Up to the present day, we feature a great variety of more than 300 texts for all school types and grades. Our selection includes silenced voices, offers intercultural perspectives, promotes democratic and political education and provides transparency by outlining our arguments in favour. Lit4School offers an effective, timesaving and topic-based research on literature and media that meets the requirements of the curricula. As a non-profit database, we do and will not charge any fees.

Thanks, everyone, for making this possible! To help us grow further, share your suggestions for literature and media with us.
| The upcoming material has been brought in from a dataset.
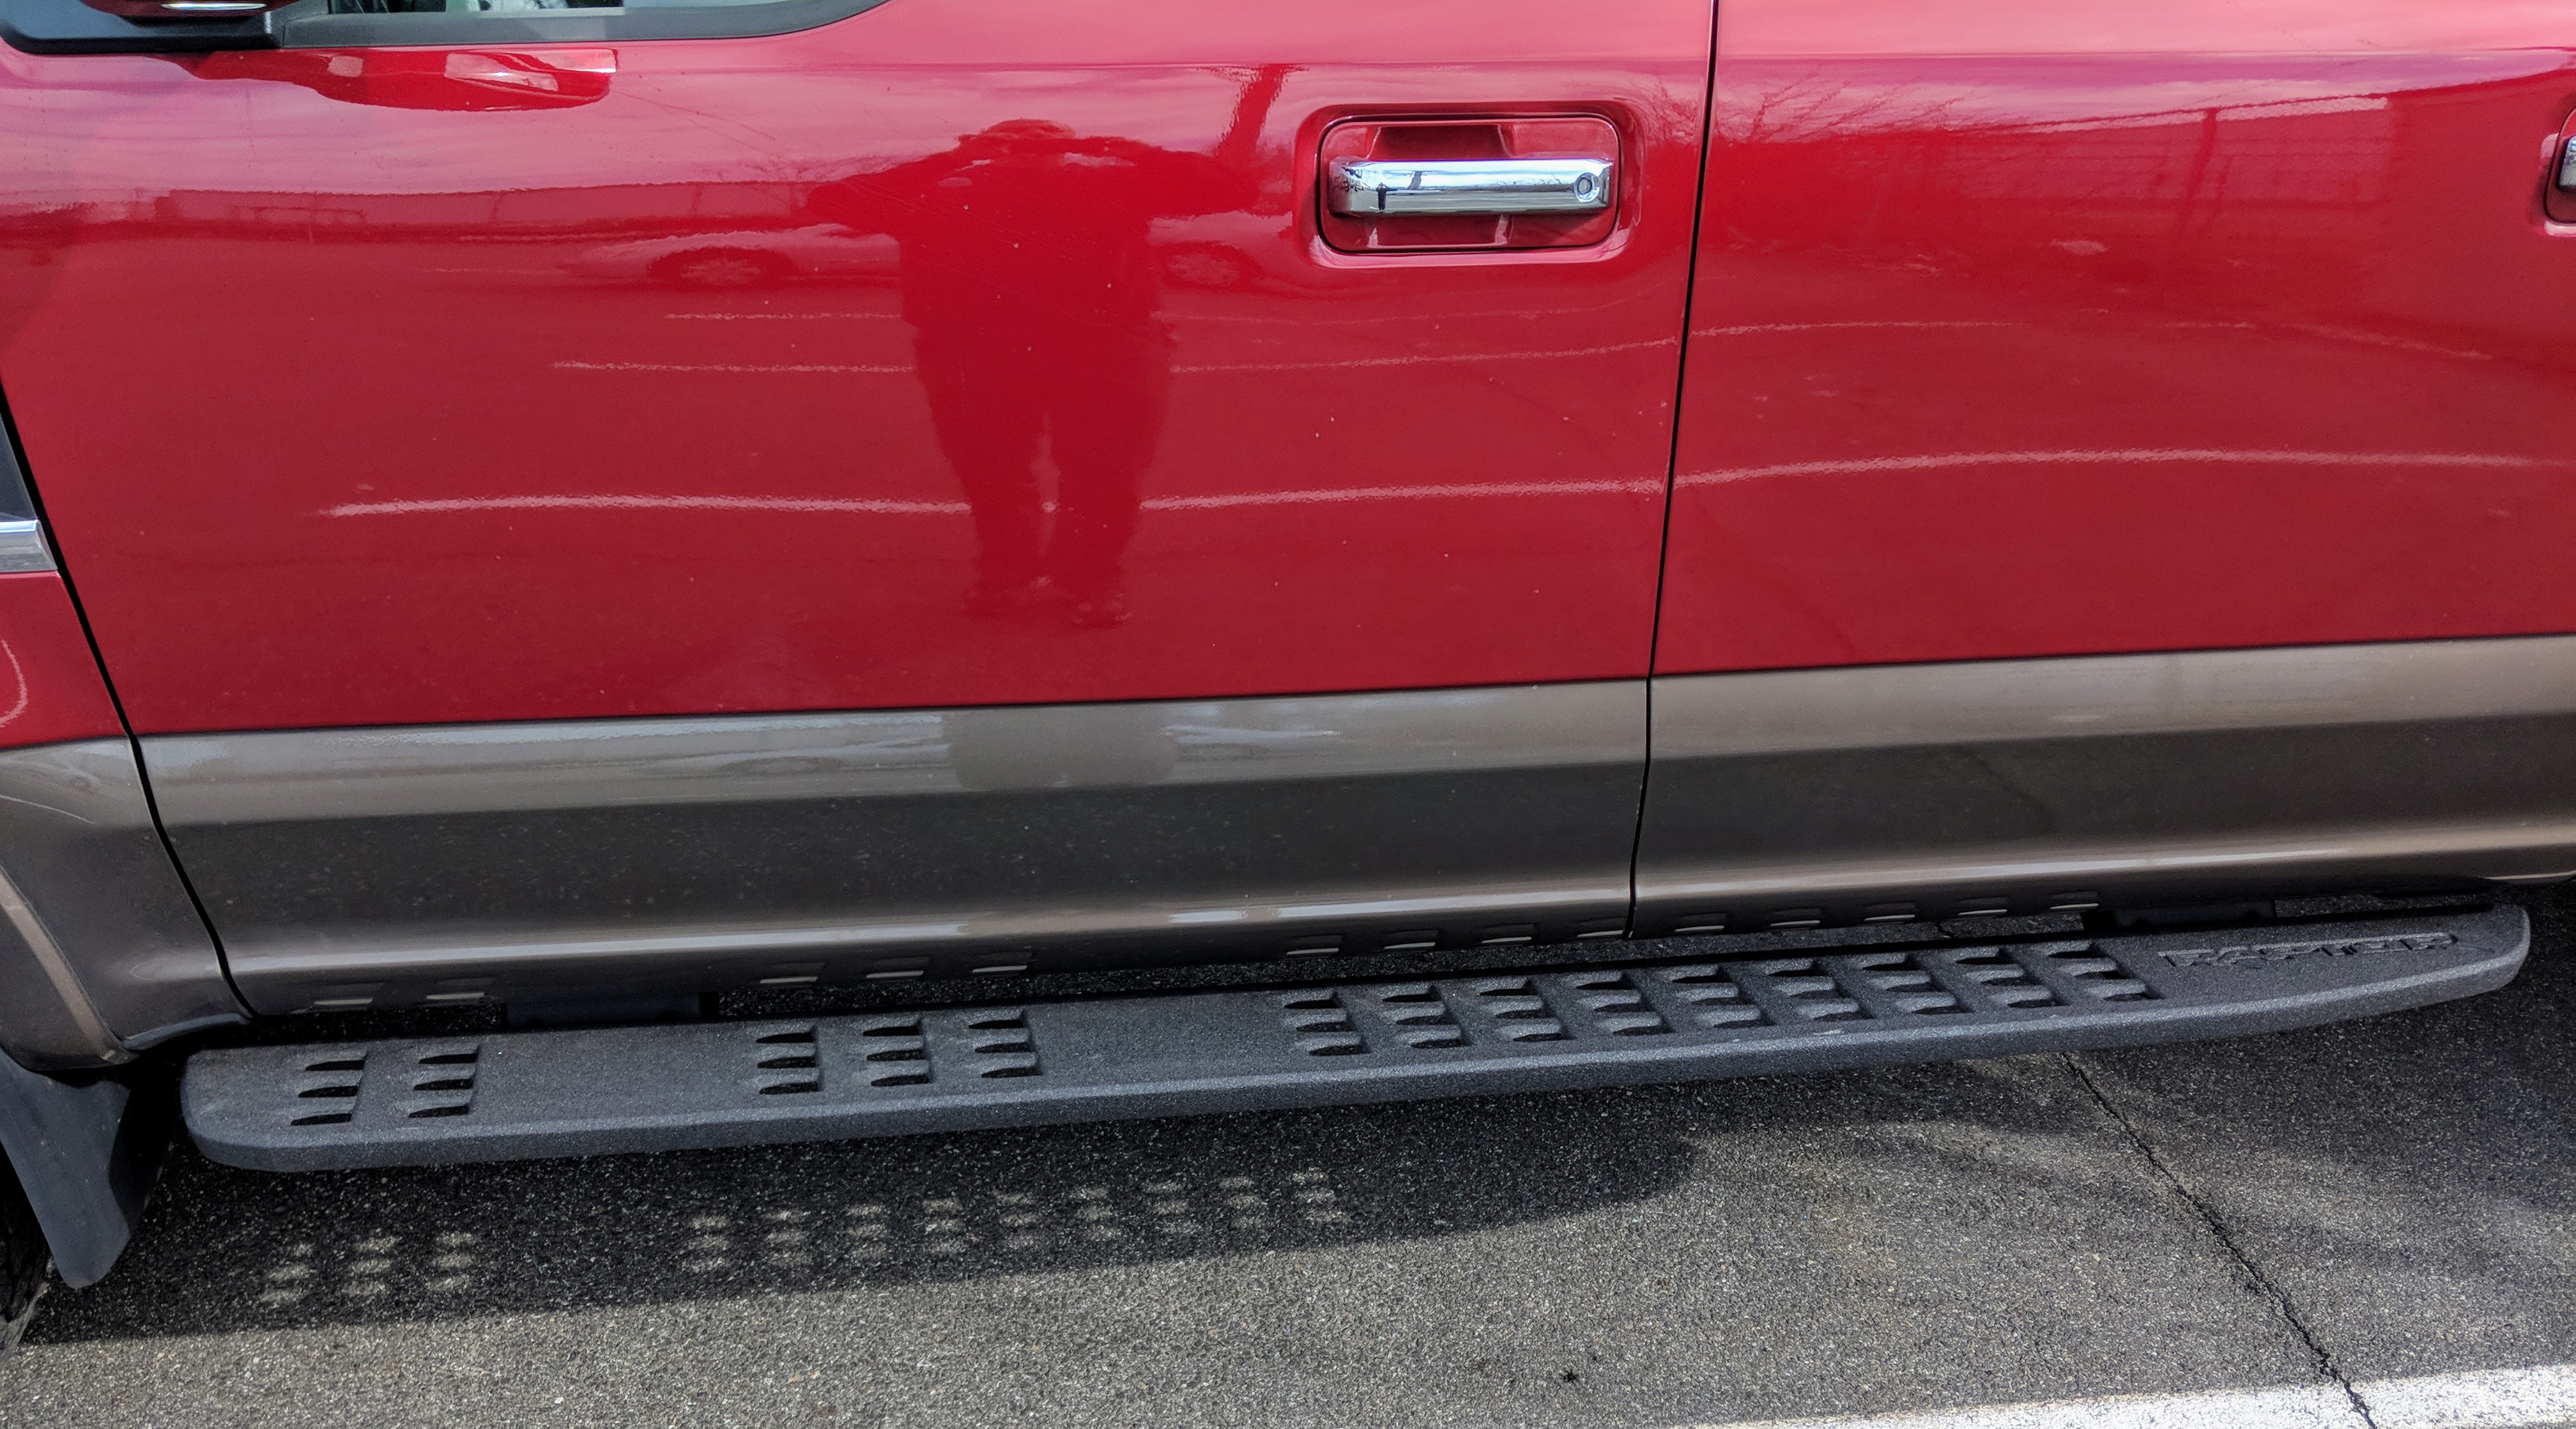 Ford Raptor step rails installed - Ford Truck Enthusiasts Forums

Kind regards and stay safe,

The editors

Every cloud has a silver lining.

After COVID-19 upset our plans to present Lit4School at the Leipzig Book Fair in spring, we got the chance to be a part of the digital Frankfurt Book Fair 2020. Being the world’s largest trade fair for books with a tradition of more than 500 years, it connects readers, authors and publishing companies until the present day.

From the 14th to the 18th of October you can visit the digital fair free of charge: Discover a wide range of live conferences, virtual Q&A sessions and exhibition stands – including our presentation.

Don’t miss out!

The editors

Dear users,

Lit4School life is of course a big literature party. But today we also most happily and proudly celebrate our 200th English text!
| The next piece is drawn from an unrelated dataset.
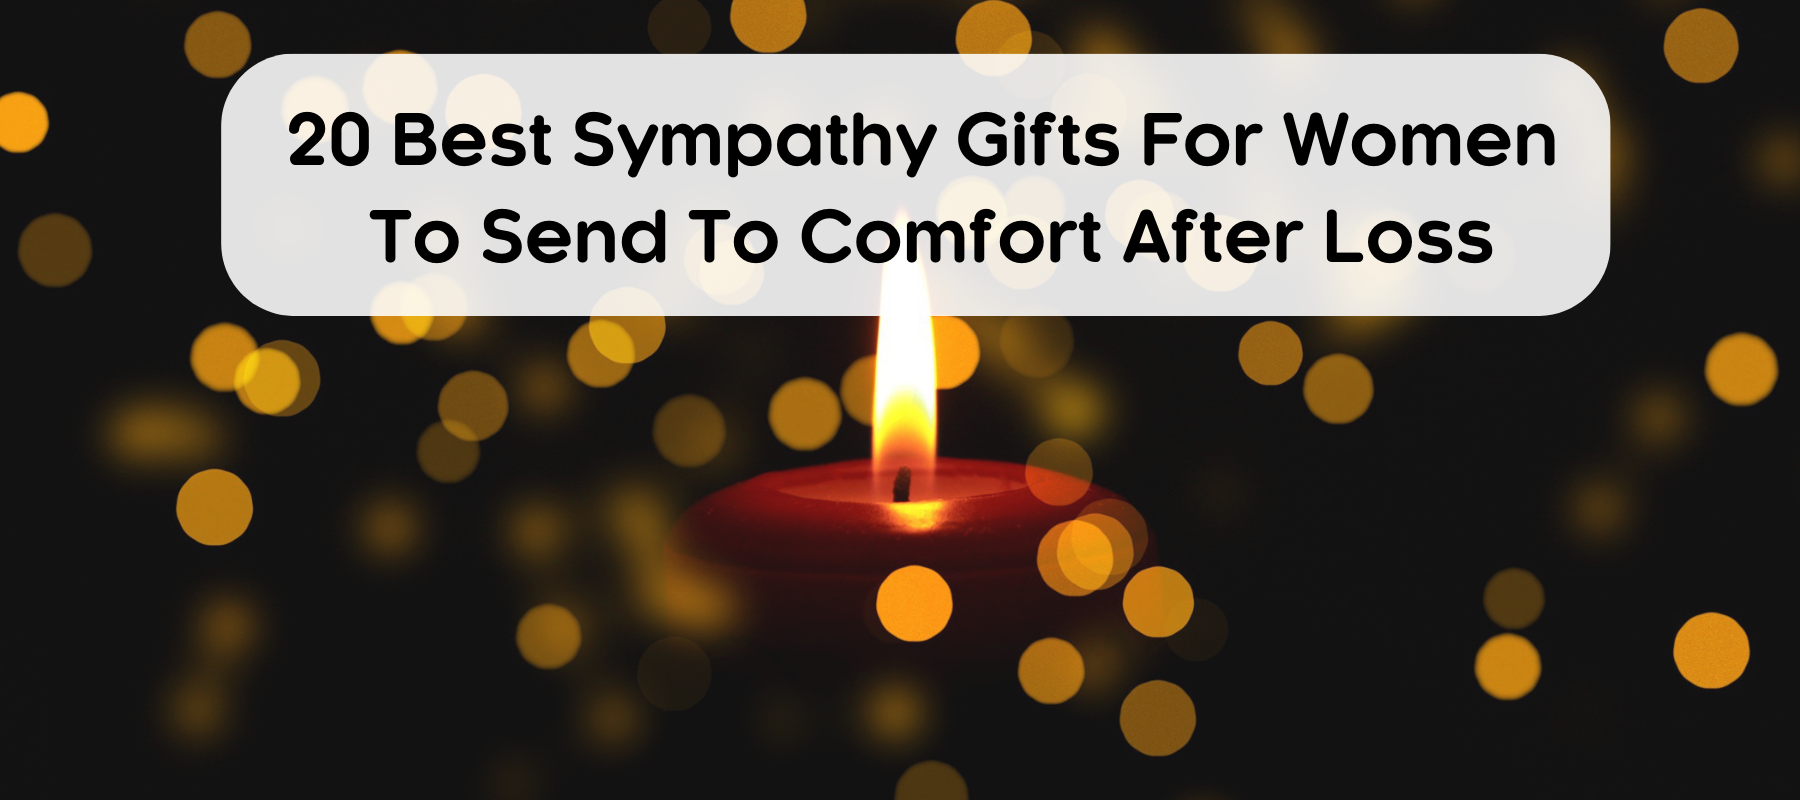 20 Best Sympathy Gifts For Women To Send To Comfort After Loss

We focus on quality rather than quantity, and on additional information to make texts more accessible to you. Thus, 200 texts are a great milestone that shows that hard work pays off. We aim to create a toolkit to inspire variety in language education and hope to enrich contemporary classroom discussions with fitting literature of all kinds and periods – from ‘old and dusty’ classics to more recent examples and topics such as #BlackLivesMatter, #FridaysForFuture and #MeToo.

So, 200 English and 61 German texts on Lit4School call for a bottle of bubbly because it means there are 261 different ways to spice up language learning. If you are rather feeling cosy at the moment and in the mood to have a heartwarming, adorable autumn read, have a look at our No. 200: Diary of a Wombat.

The editors

Dear users,

This year Leipzig University held its annual “Tag der Lehre” online: On June 24, people could once again explore the highlights of digital teaching and Lit4School was finally part of it. You can find our presentation within Leipzig University’s online documentation of the event – simply scroll down to “Rundgang 2” or directly search for Lit4School after clicking the link. We are especially proud that we can finally present the new design we have been working on and which you can experience shortly.

So stay tuned!

The editors

Adding Films

English · 24 June 2020

Dear users,

After spending more than a year collecting written works for you, we now want to dive into the realm of films with you. Movies and series both have a powerful potential to stimulate your English-learning process. That is why from now on, we will be collecting the most beneficial films we can think of and again ask you for your help: Is there an English-speaking movie which stands out for you? One which kickstarted your English progess? A topic which kept you thinking for days on end? If so, please share your suggestion with us, so that future generations of English learners will have a variety of movies to help them improve.

Have fun exploring!

The editors

Welcome to Lit4School

English · 5 November 2019

Lit4School is a free database for literature and media in the EFL classroom. This open education resource is currently being set up at the Zentrum für Lehrerbildung und Schulforschung at Leipzig University. Over the next couple of weeks and months we will be adding new features, texts and media to offer you the best user experience and support in preparing your classes. Stay tuned!

To help us grow, feel free to share your experiences, feedback and needs with us. If you have any suggestion for a literary text, film or other media, that you already use in the EFL classroom, please contact us.

For now, we hope you enjoy browsing. We wish you lots of new impressions and inspirations in teaching, learning and researching with Lit4School.